Myeloproliferative neoplasms (MPN) such as primary myelofibrosis and polycythemia vera can present with concurrent monocytosis. A previous documented history of MPN excludes a diagnosis of CMML. In addition, the presence of MPN like features in the bone marrow, or the presence of MPN-associated driver mutations, especially MPL and CALR make the diagnosis of CMML unlikely.

**

PDGFRA abnormalities most often involve the cryptic CHIC2 deletion at chromosome 4q12, resulting in the FIP1L1-PDGFRA fusion, commonly associated with peripheral blood eosinophilia and increased bone marrow mast cells.

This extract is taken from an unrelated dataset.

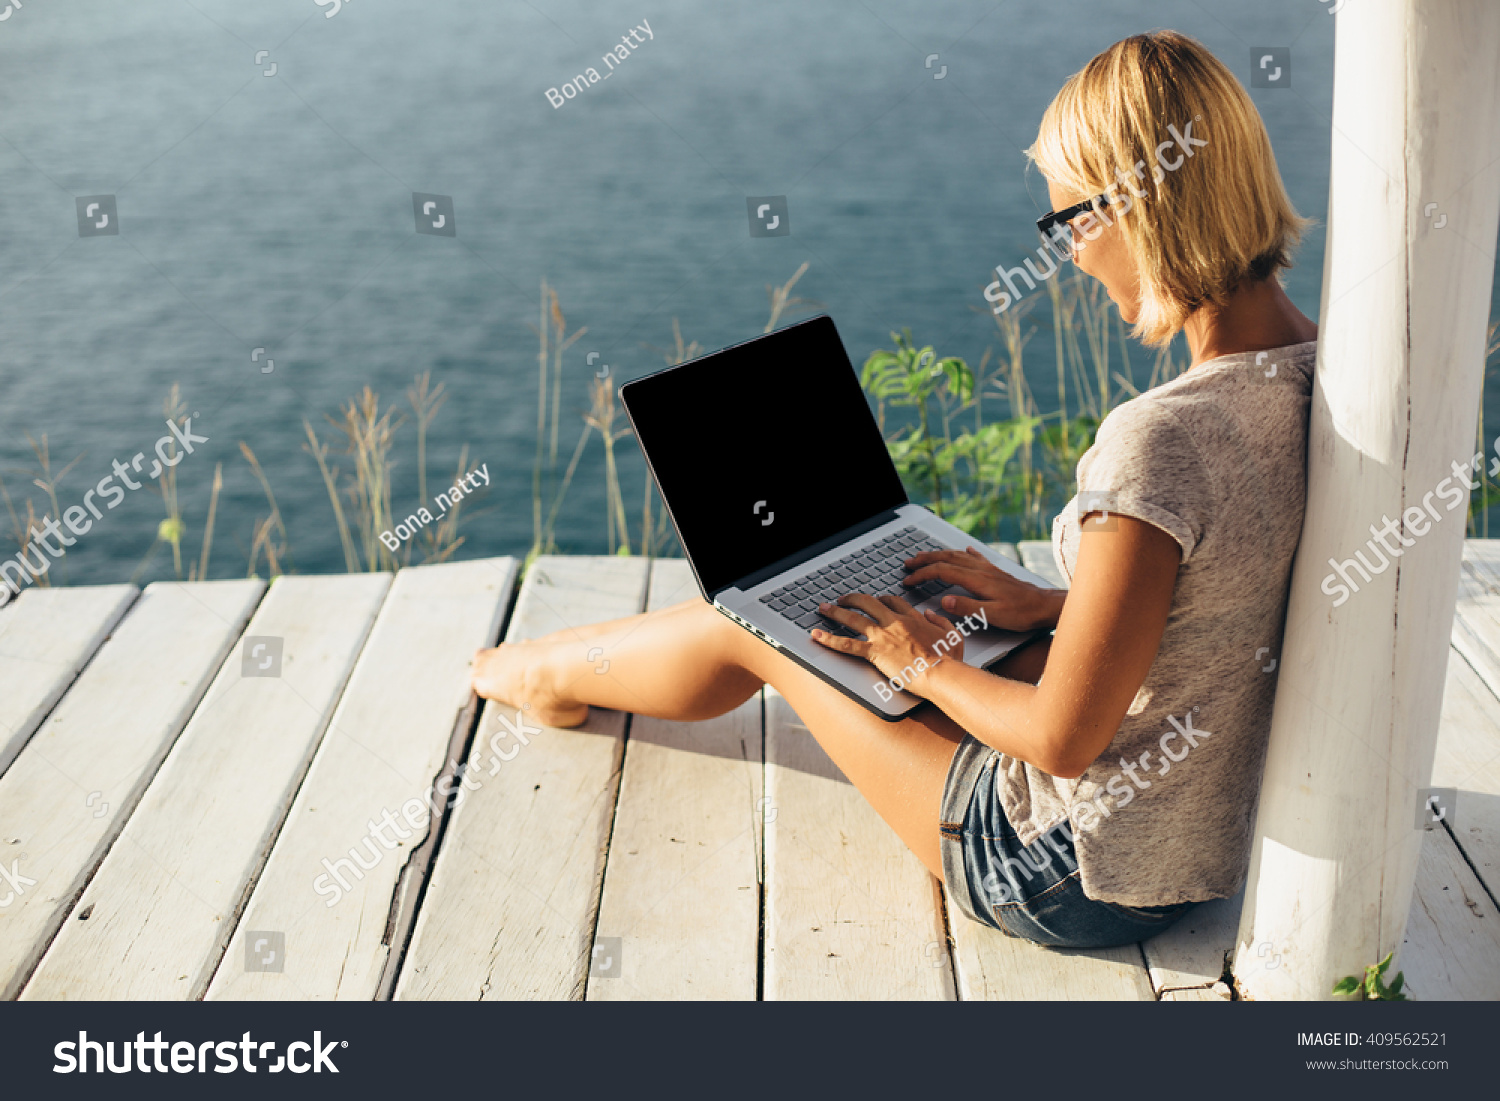 Форум фрилансер. Девушка с ноутом. Девушка с ноутбуком. Девушка за ноутом. Девушка за ноутбуком.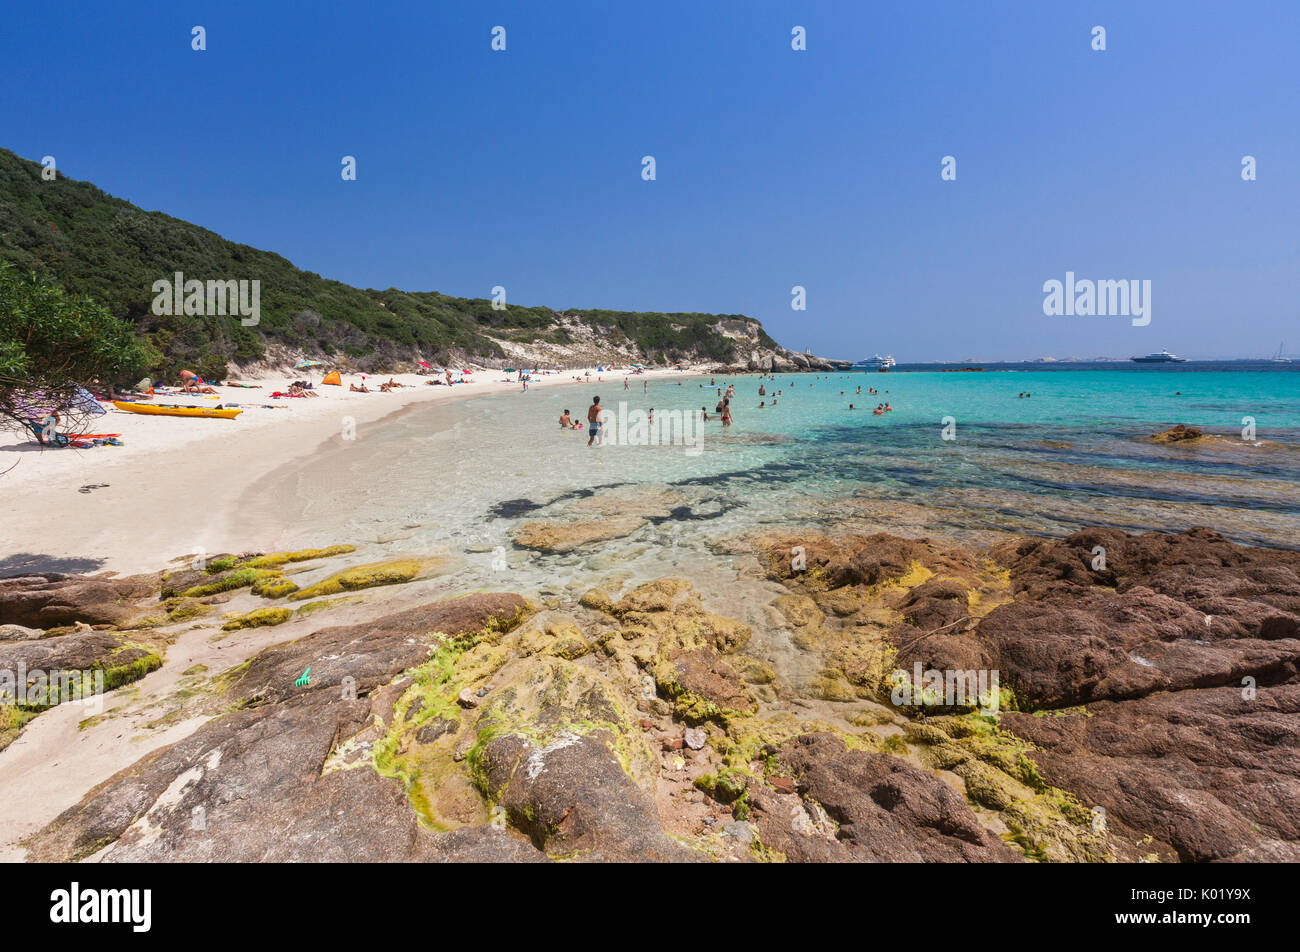 Baigneurs dans la mer claire entourée par le promontoire enrichi par de la végétation verte Sperone Bonifacio Corse du Sud France Europe Banque D'Images

PDGFRB abnormalities most often involve the ETV6-PDGFRB gene fusion with ~25 additional reported partners. This fusion is associated with peripheral blood monocytosis and concomitant eosinophilia.

FGFR1 rearrangements often result in an aggressive stem cell leukemia/lymphoma syndrome characterized by MPN, eosinophilia and the development of T cell-acute lymphoblastic leukemia (ALL).

The PCM1-JAK2 fusion usually results in eosinophilia with T-ALL or B-ALL.

***

While gene mutations involving TET2 (~60%), SRSF2 (~50%), ASXL1 (~40%) and SETBP1 (~15%) are common in CMML, they are not specific for the disease. TET2 and ASXL1 mutations can also be detected in patients with normal blood counts as a part of age related clonal hematopoiesis (clonal hematopoiesis of indeterminate potential).